DATASET SECTION —
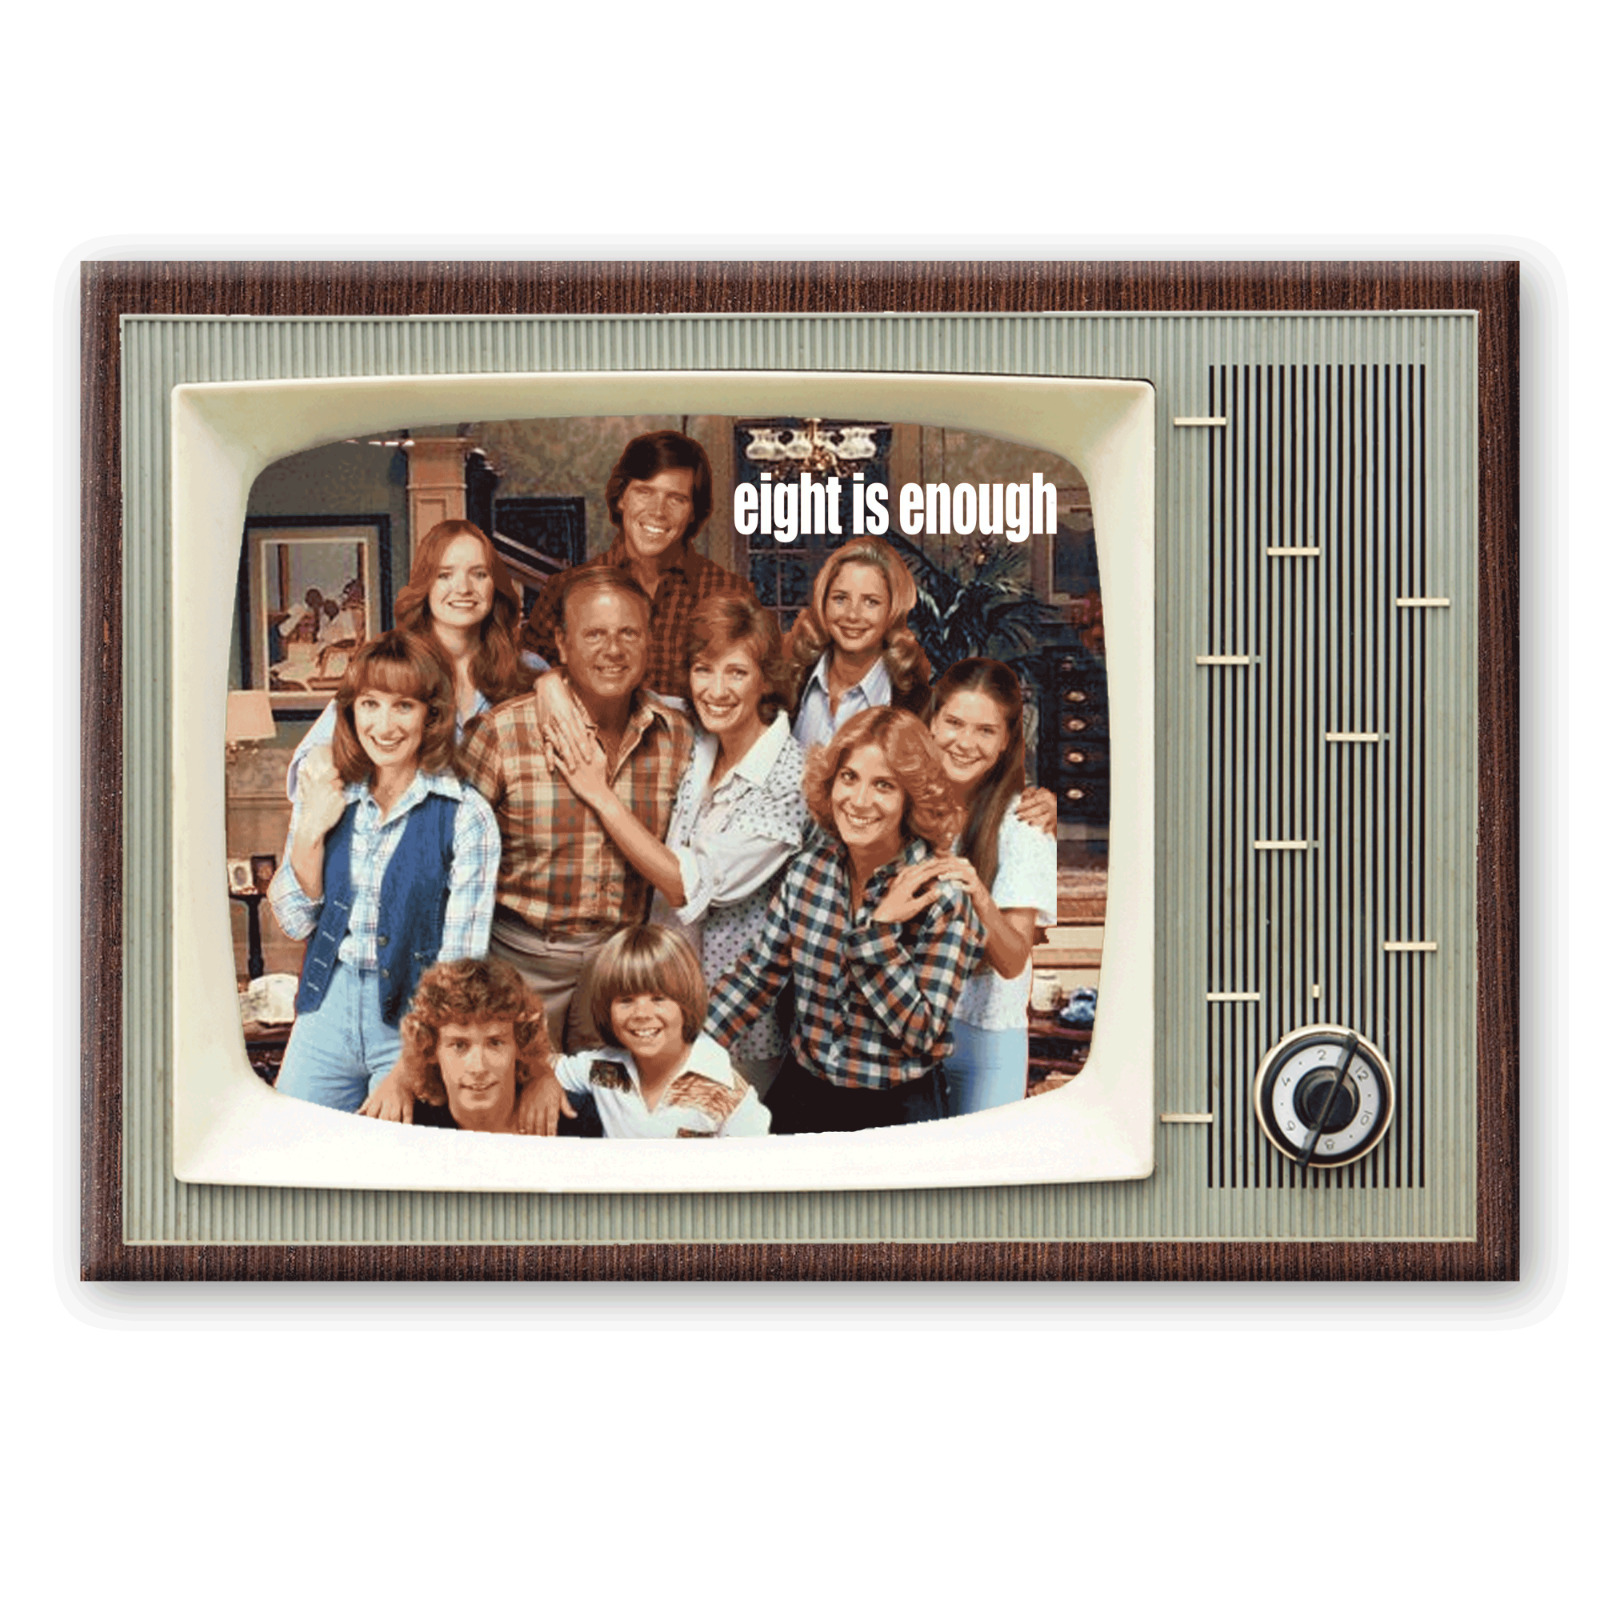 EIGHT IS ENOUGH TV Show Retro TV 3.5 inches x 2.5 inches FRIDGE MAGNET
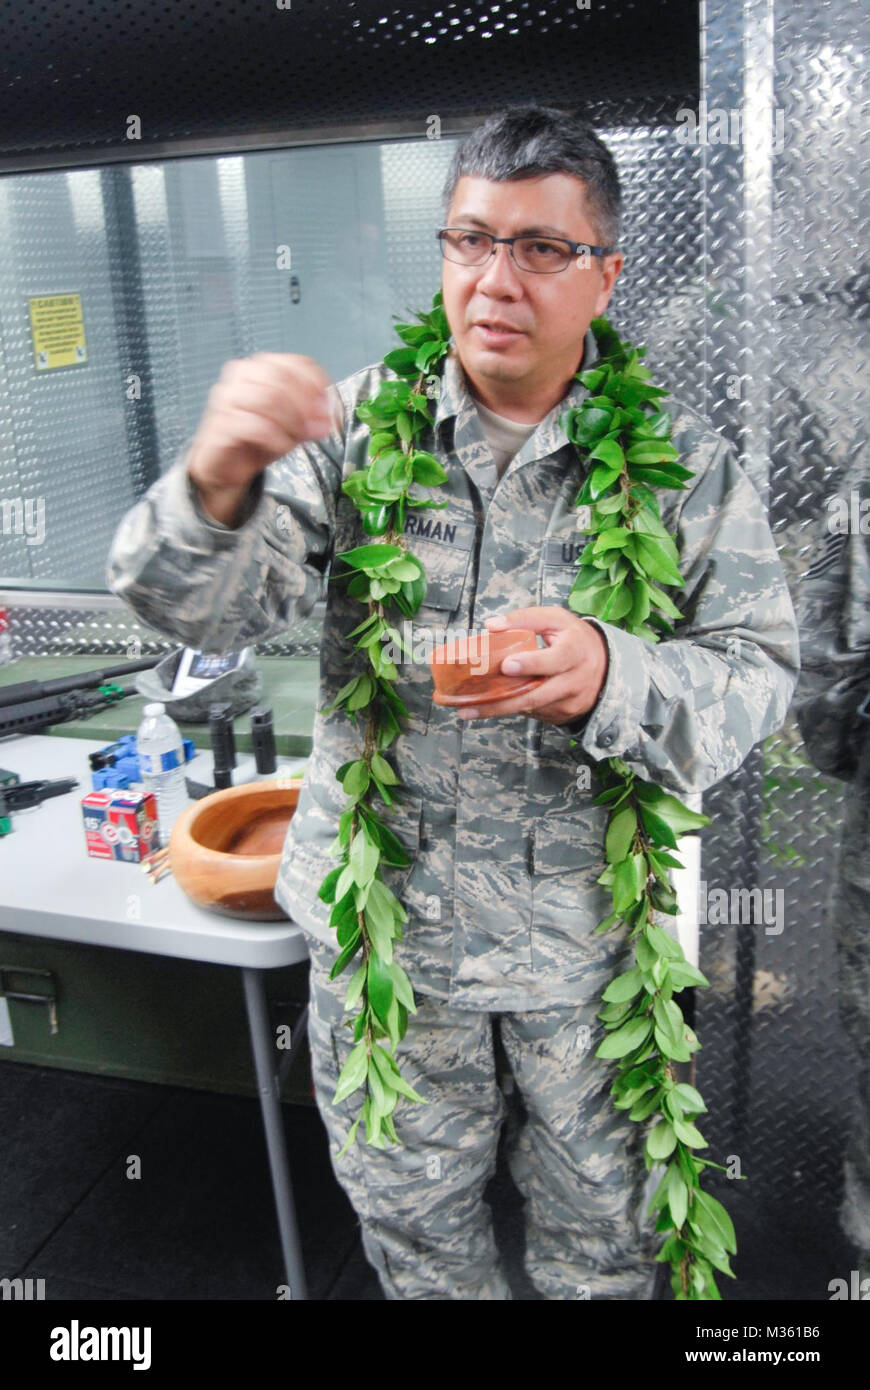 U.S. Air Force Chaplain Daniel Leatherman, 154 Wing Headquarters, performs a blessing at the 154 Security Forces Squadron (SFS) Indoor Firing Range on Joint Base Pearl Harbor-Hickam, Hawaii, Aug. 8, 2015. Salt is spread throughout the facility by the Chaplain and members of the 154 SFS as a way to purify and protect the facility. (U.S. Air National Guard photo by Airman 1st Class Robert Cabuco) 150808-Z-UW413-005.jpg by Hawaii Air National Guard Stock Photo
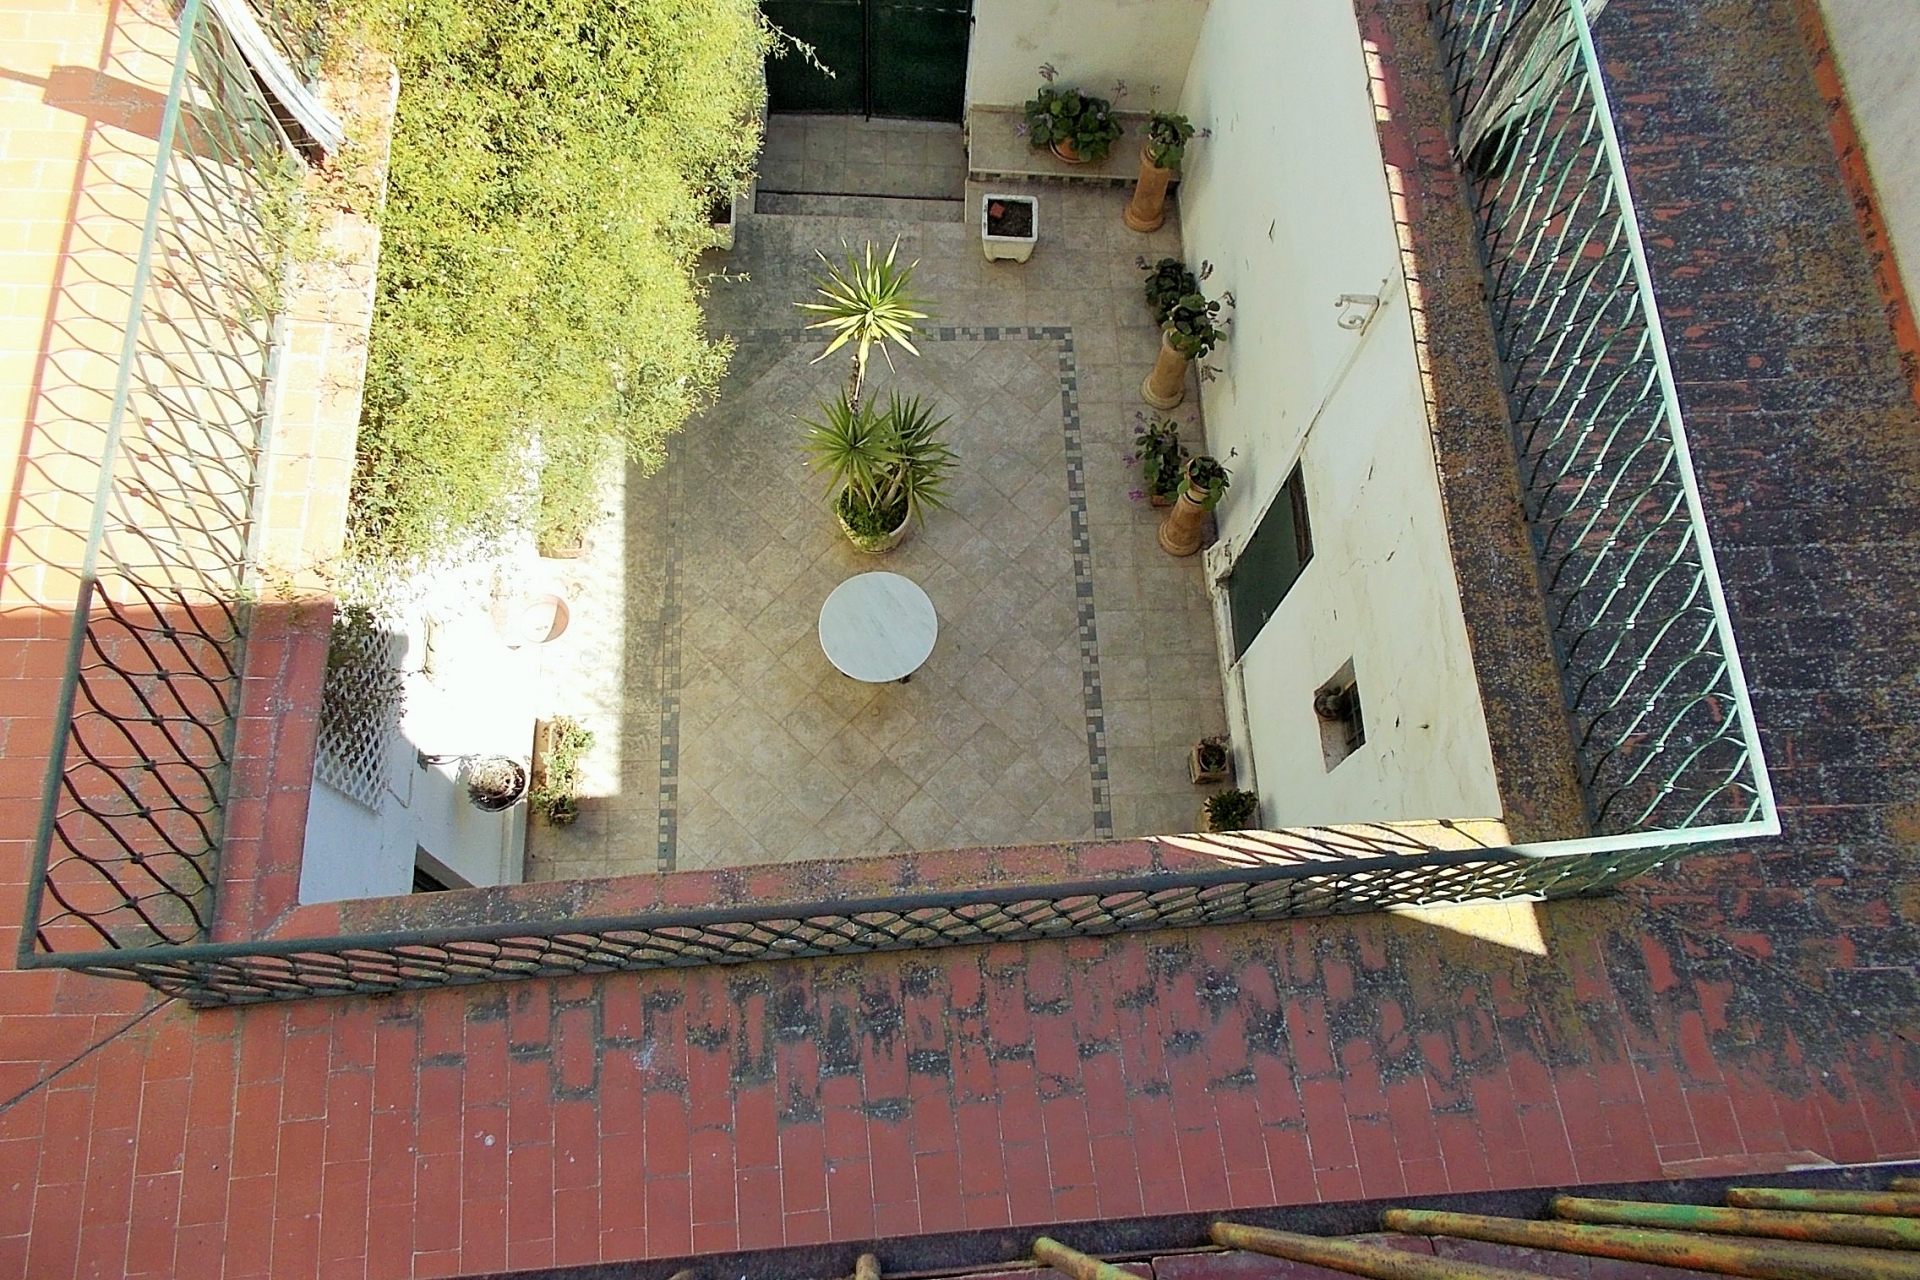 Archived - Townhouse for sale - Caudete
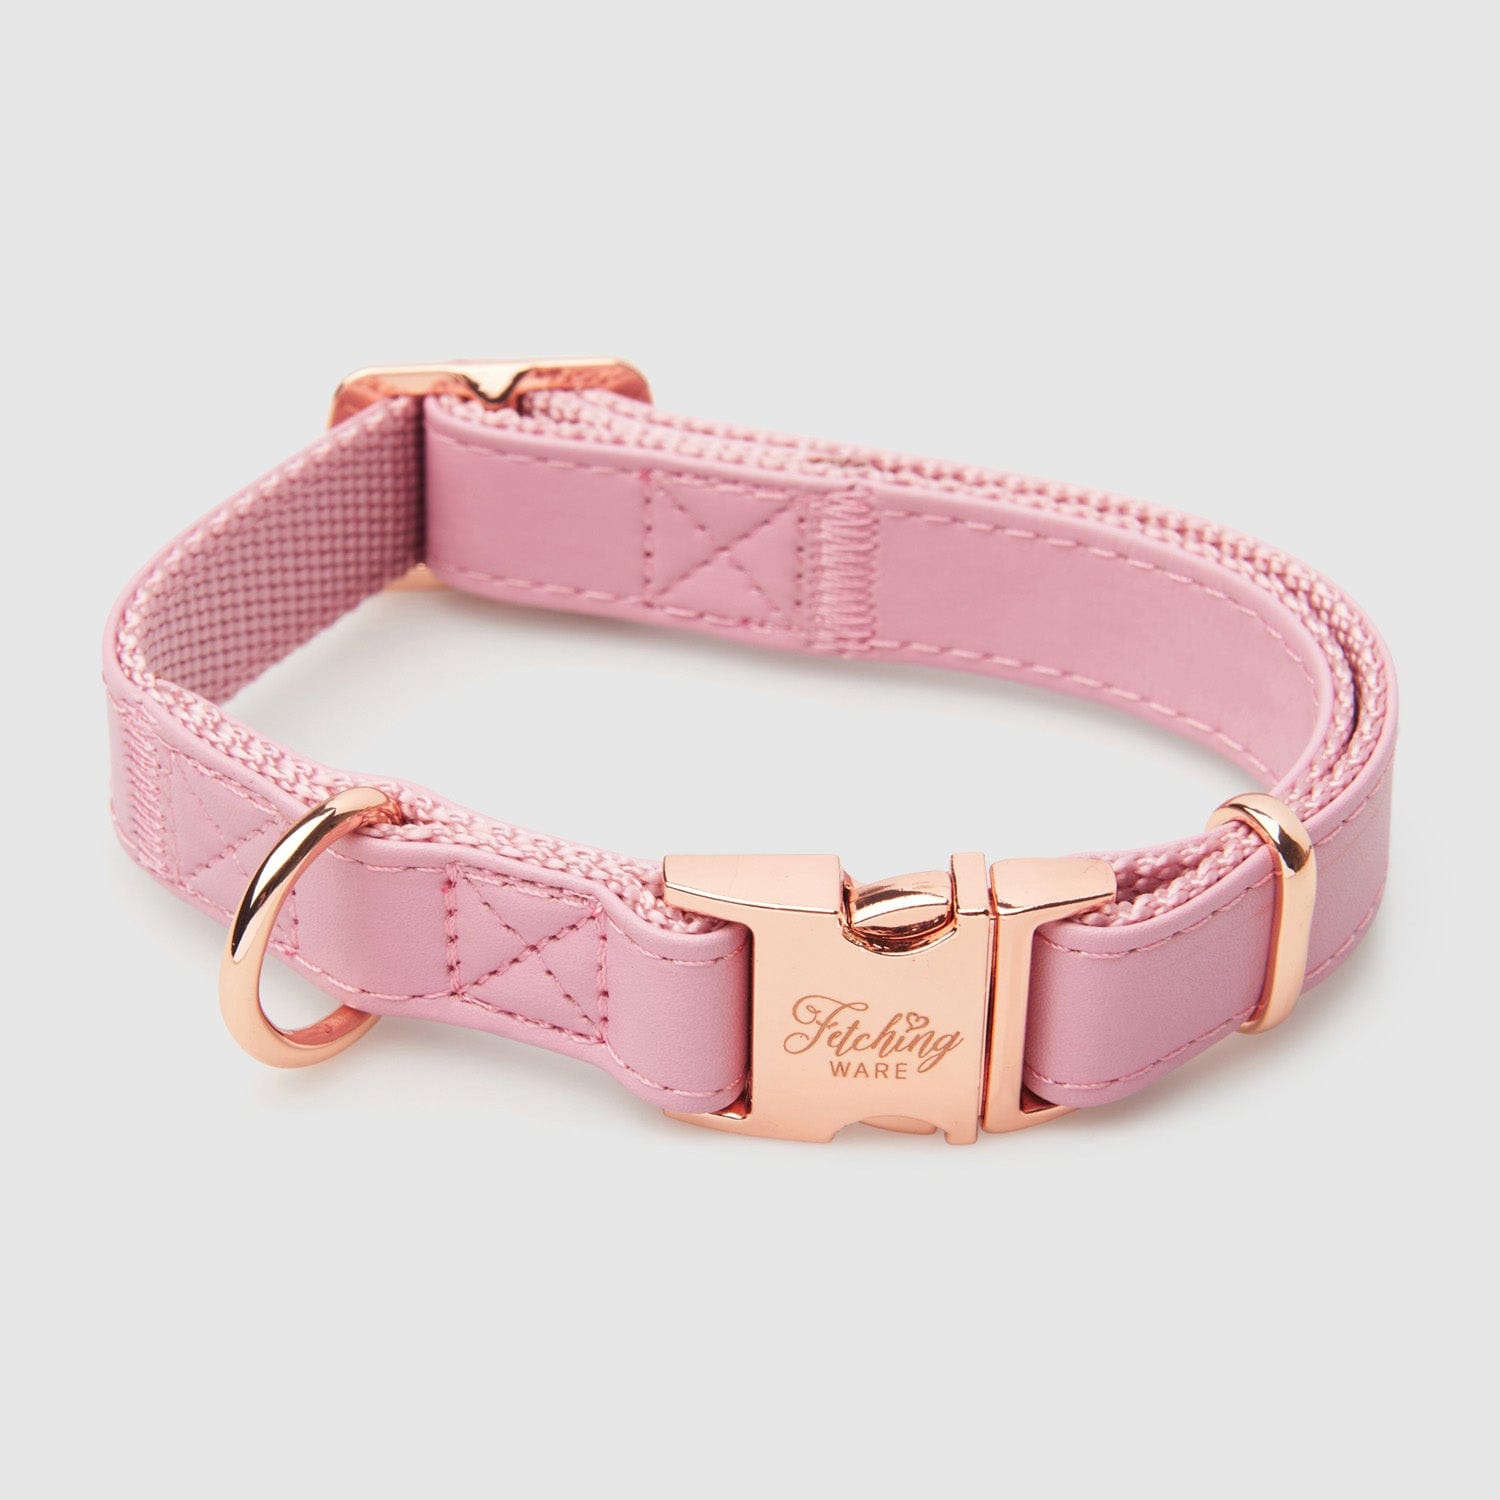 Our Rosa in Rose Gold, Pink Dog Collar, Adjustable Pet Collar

WHAT YOU HAVE TO DO — Exactly the lines from the line with "U.S. Air Force" through the end of the data are to be reproduced, and no picture is to be included.

ANSWER FOR THIS EXERCISE —
 U.S. Air Force Chaplain Daniel Leatherman, 154 Wing Headquarters, performs a blessing at the 154 Security Forces Squadron (SFS) Indoor Firing Range on Joint Base Pearl Harbor-Hickam, Hawaii, Aug. 8, 2015. Salt is spread throughout the facility by the Chaplain and members of the 154 SFS as a way to purify and protect the facility. (U.S. Air National Guard photo by Airman 1st Class Robert Cabuco) 150808-Z-UW413-005.jpg by Hawaii Air National Guard Stock Photo
 Archived - Townhouse for sale - Caudete
 Our Rosa in Rose Gold, Pink Dog Collar, Adjustable Pet Collar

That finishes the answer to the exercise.